The answer is all of the entries below, repeated exactly and free of pictures.

[Saved entries]

+ + + +

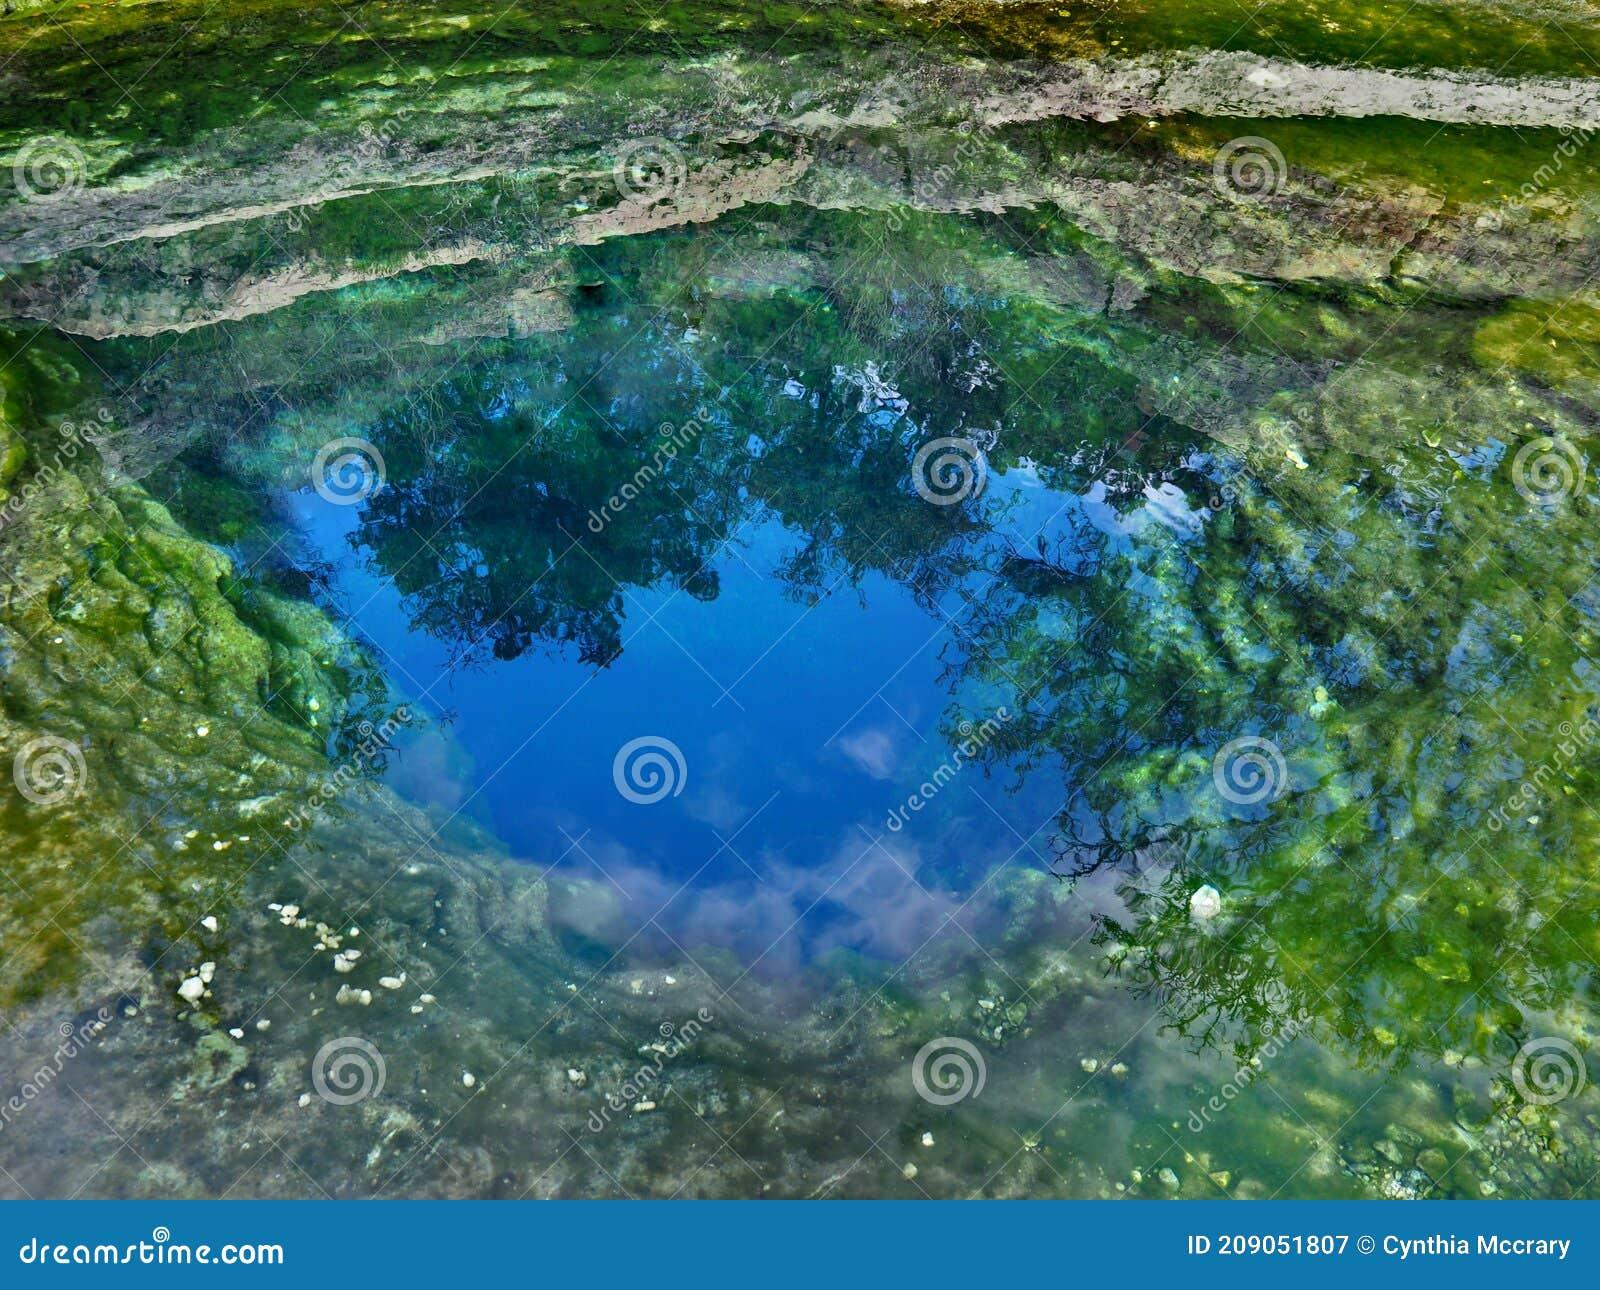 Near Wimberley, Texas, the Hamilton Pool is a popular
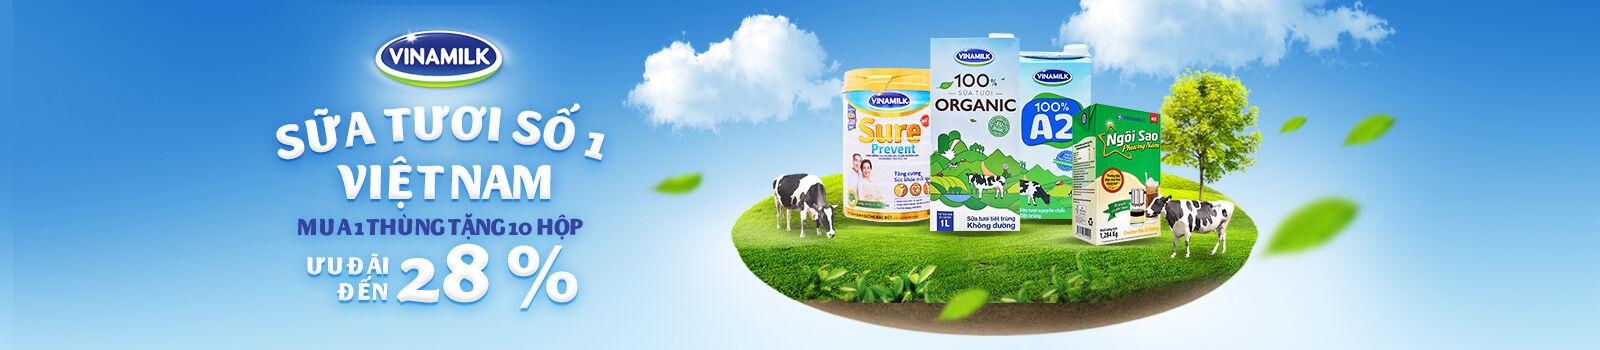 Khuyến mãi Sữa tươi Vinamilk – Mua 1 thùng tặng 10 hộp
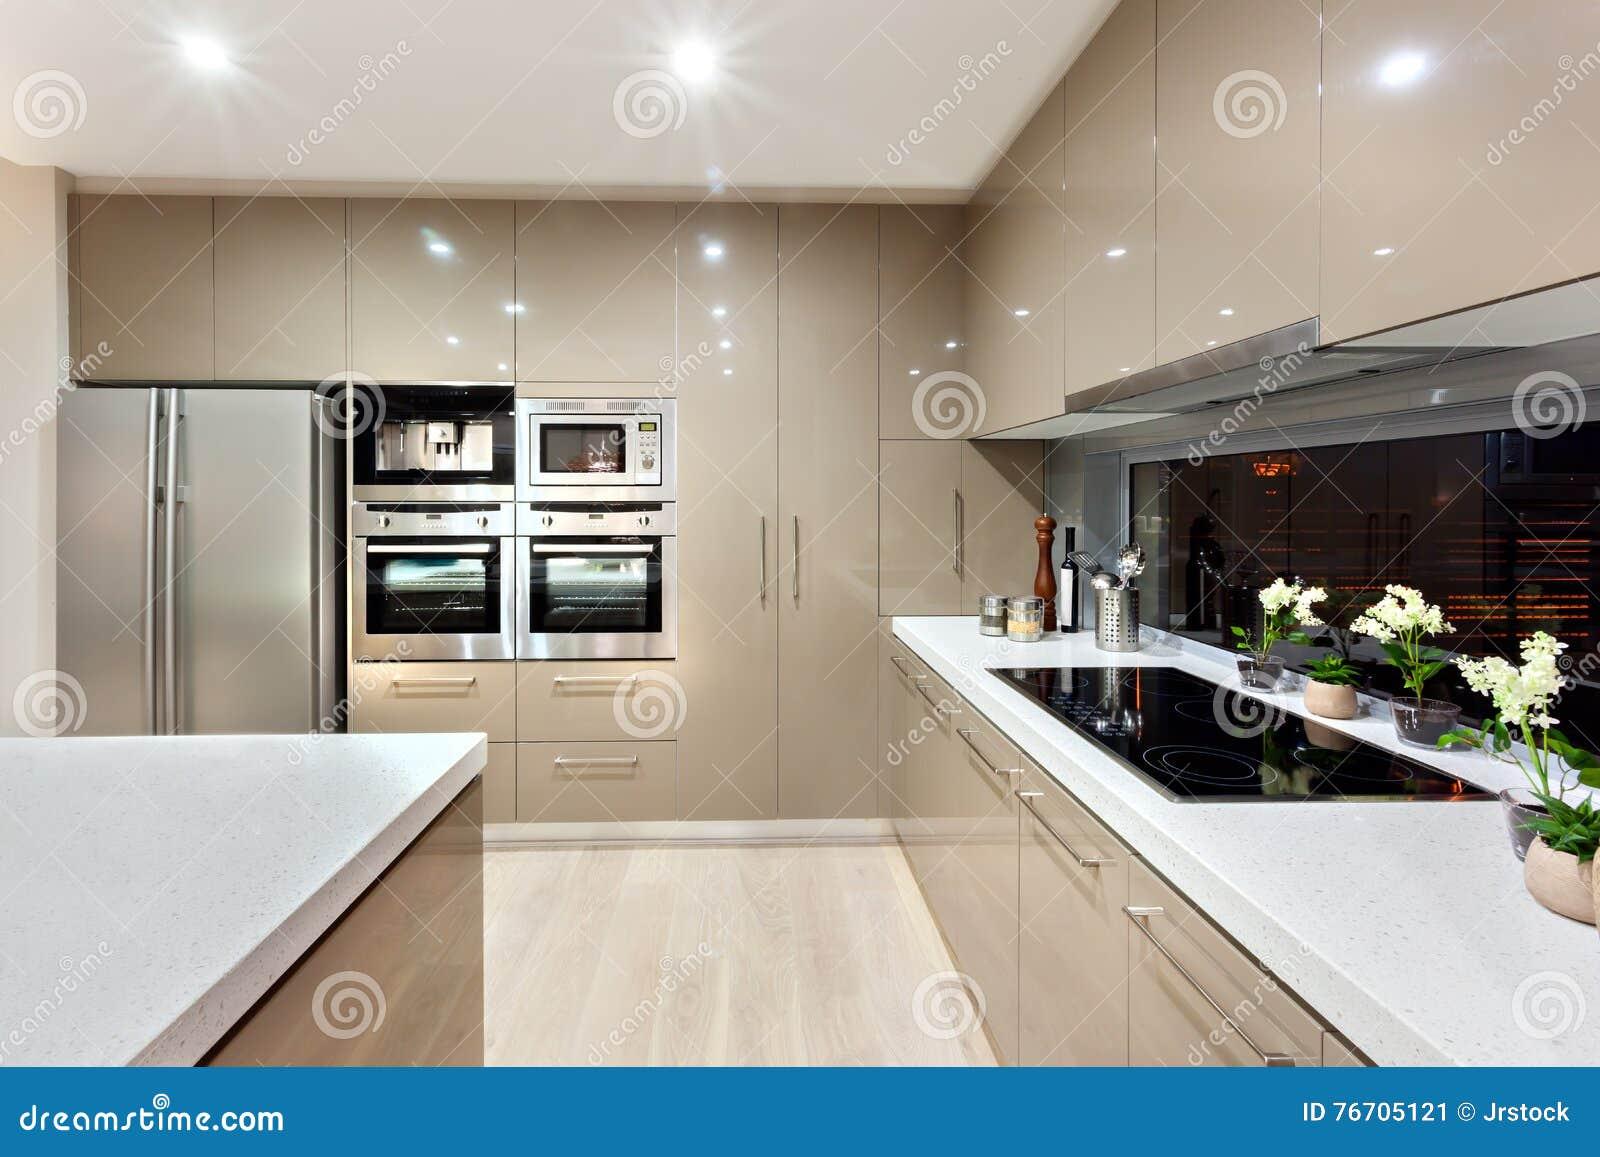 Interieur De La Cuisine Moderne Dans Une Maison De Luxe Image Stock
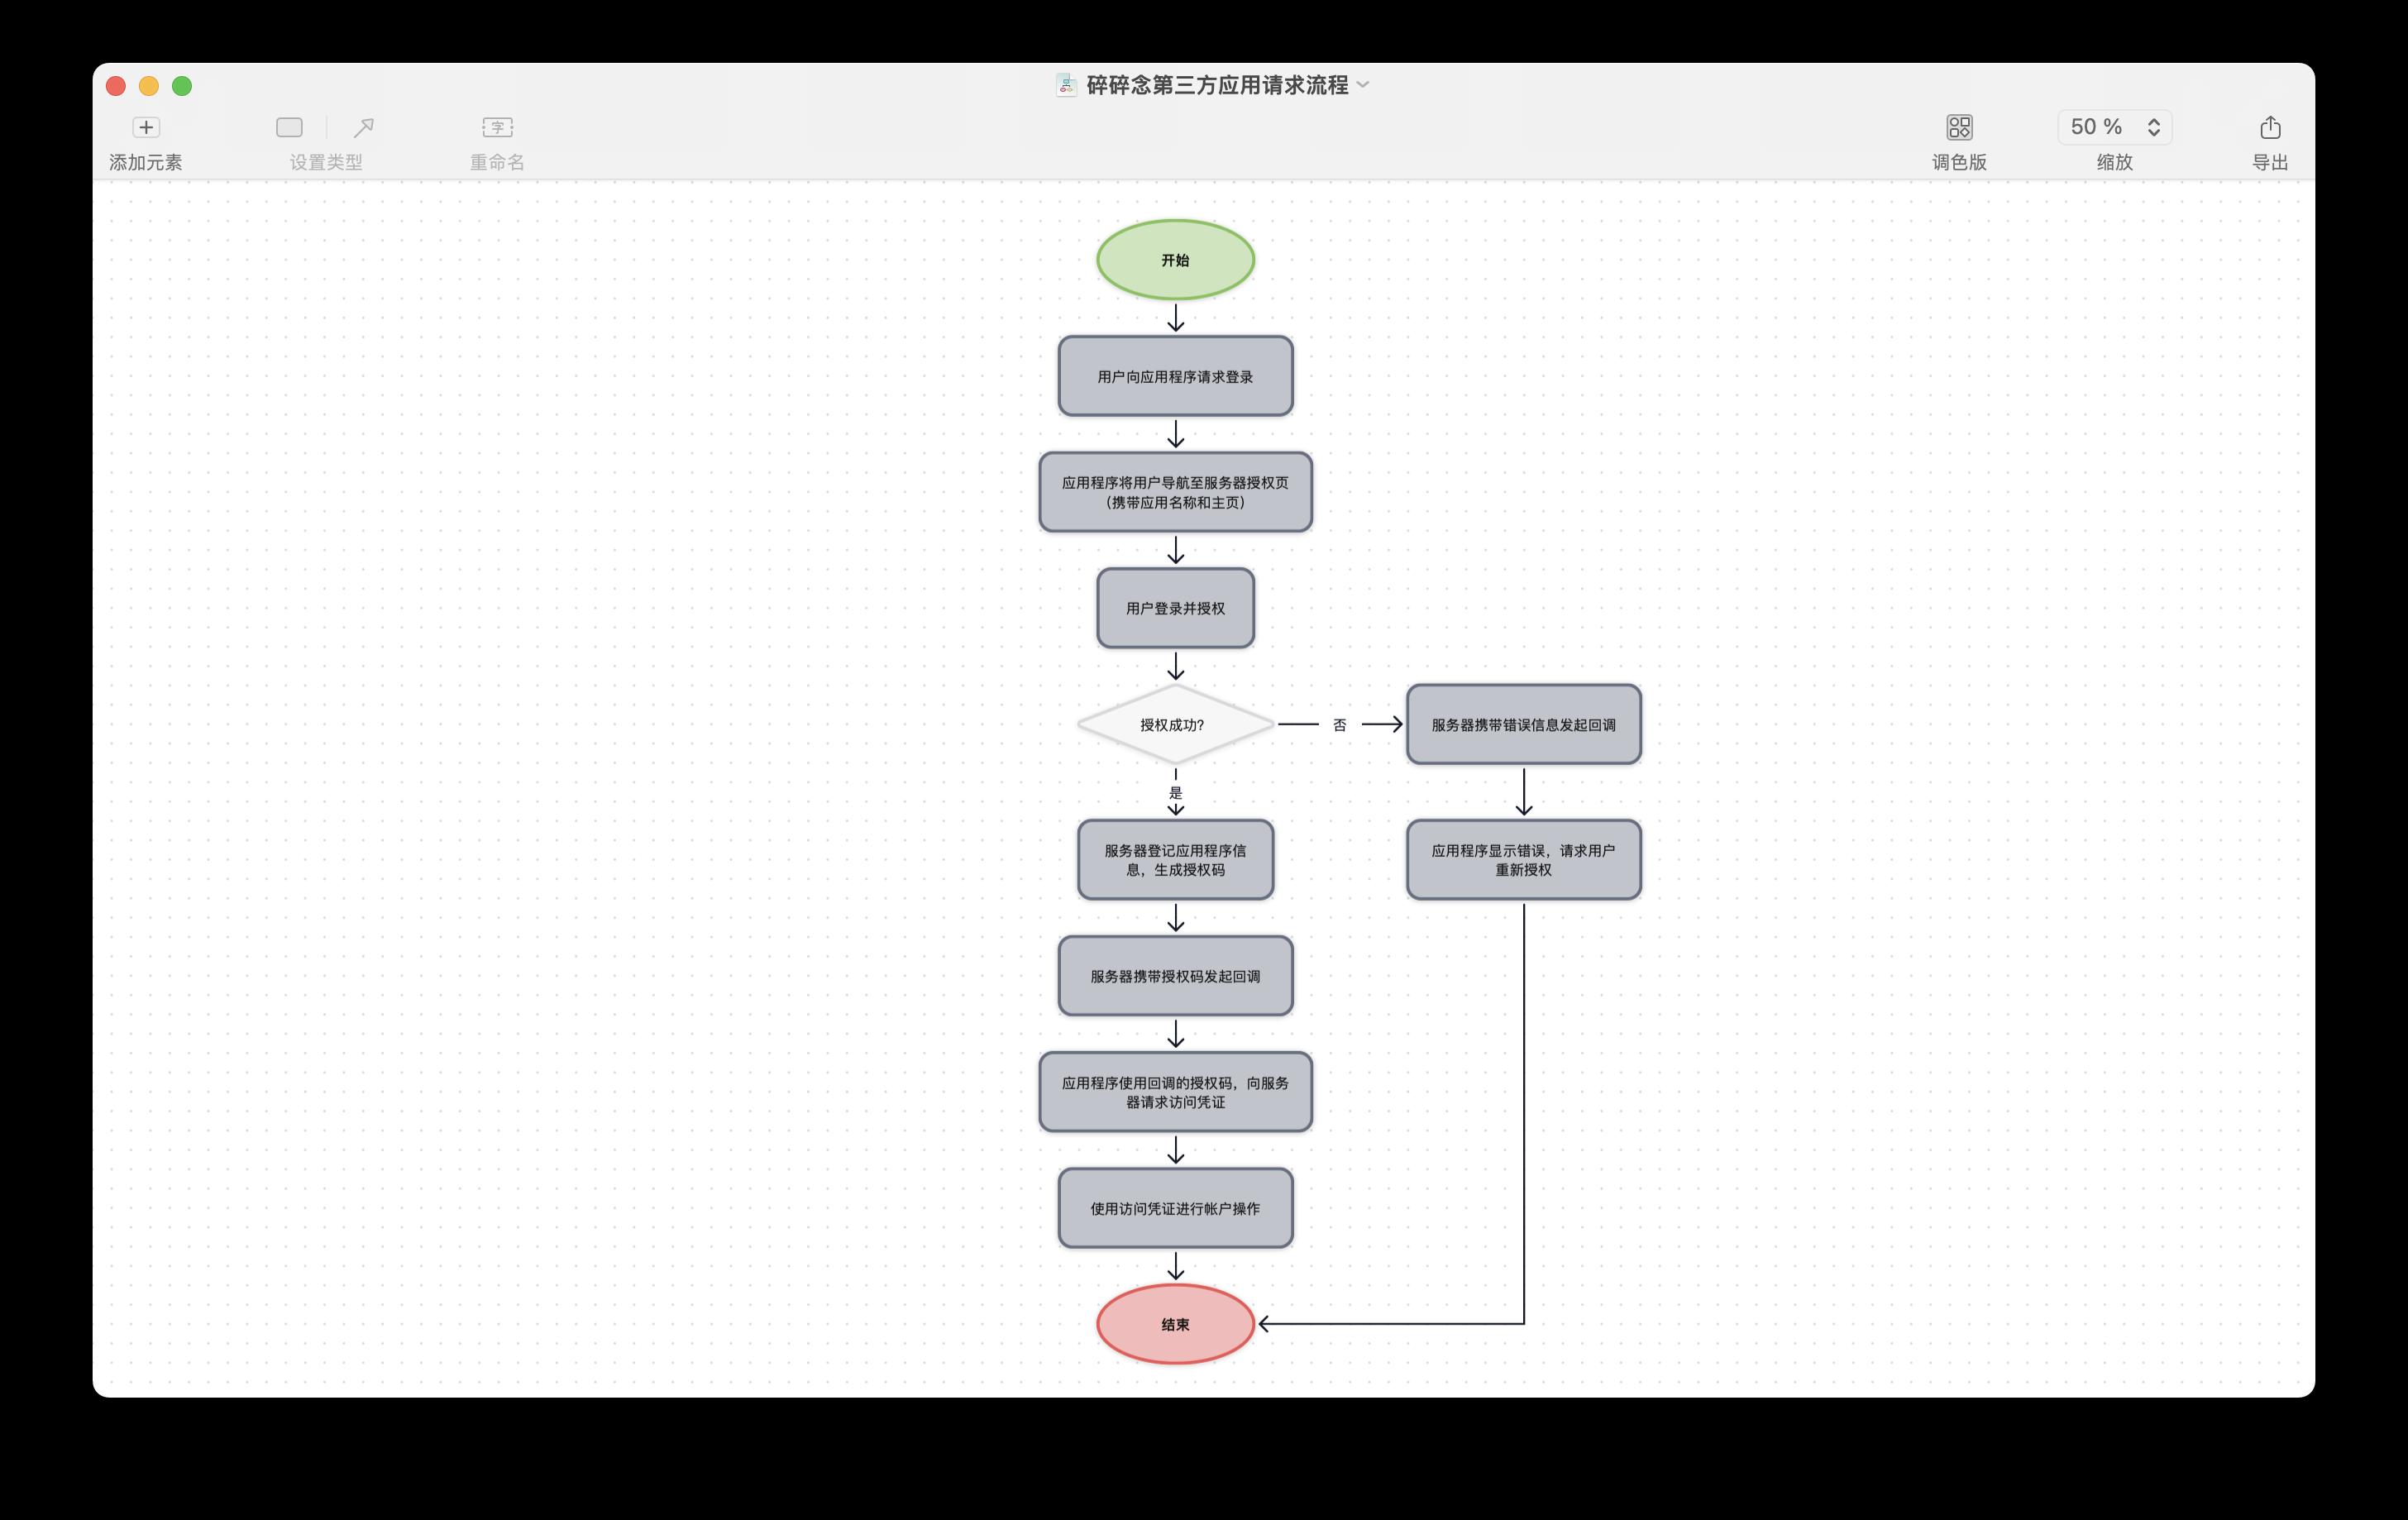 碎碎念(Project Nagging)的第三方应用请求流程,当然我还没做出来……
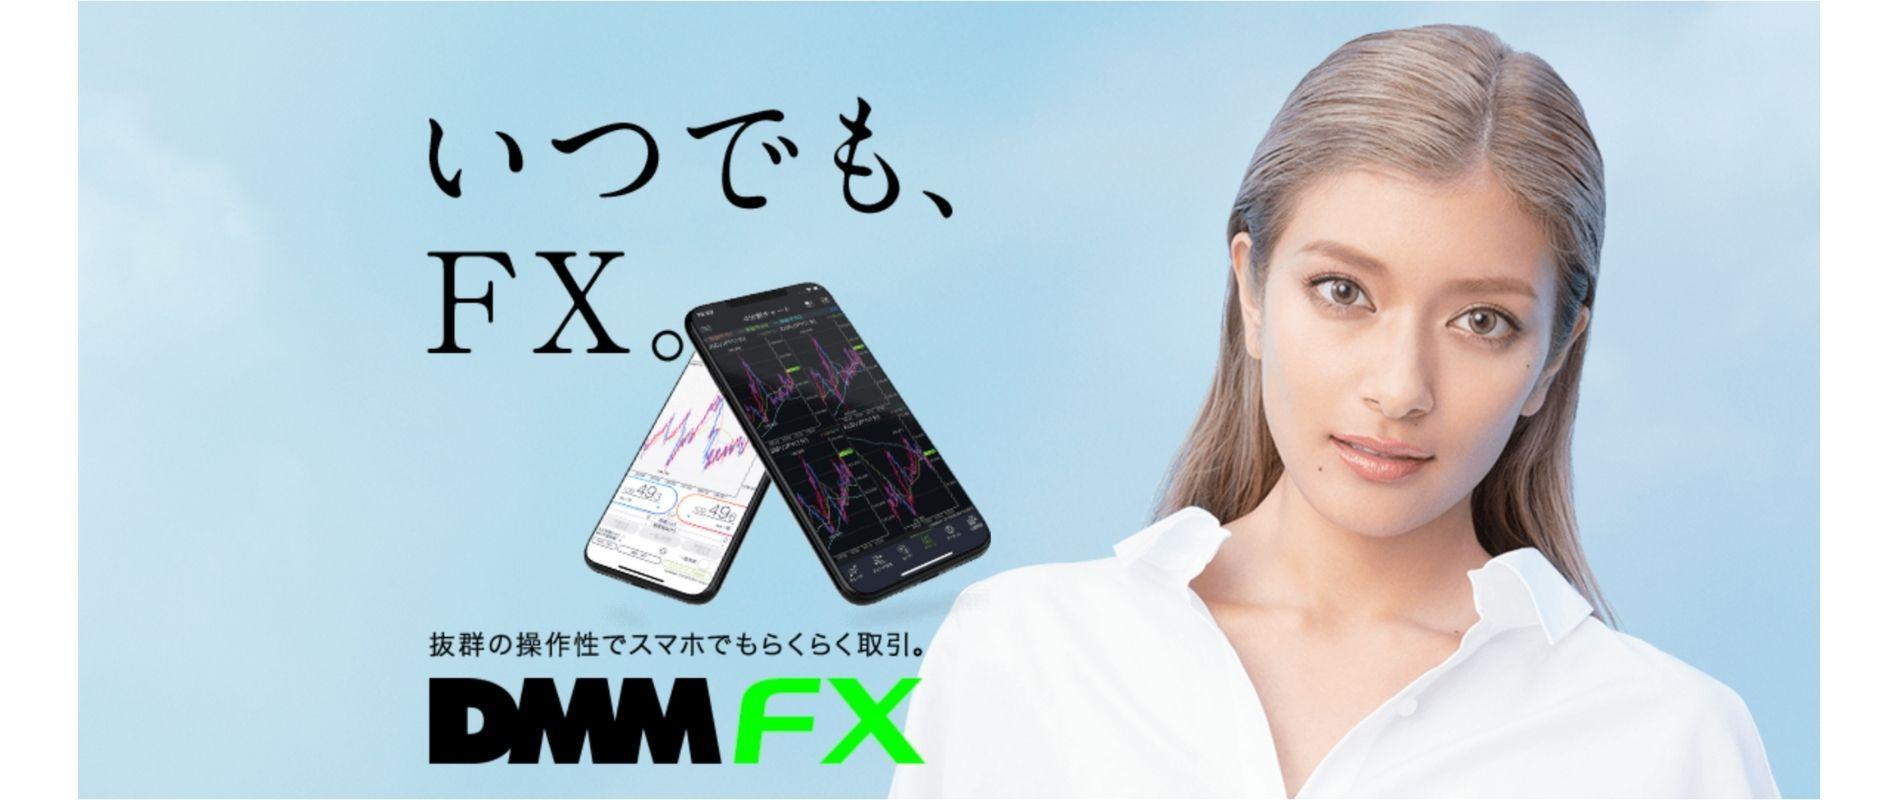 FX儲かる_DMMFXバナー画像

+ + + +

**Task result**:
 Near Wimberley, Texas, the Hamilton Pool is a popular
 Khuyến mãi Sữa tươi Vinamilk – Mua 1 thùng tặng 10 hộp
 Interieur De La Cuisine Moderne Dans Une Maison De Luxe Image Stock
 碎碎念(Project Nagging)的第三方应用请求流程,当然我还没做出来……
 FX儲かる_DMMFXバナー画像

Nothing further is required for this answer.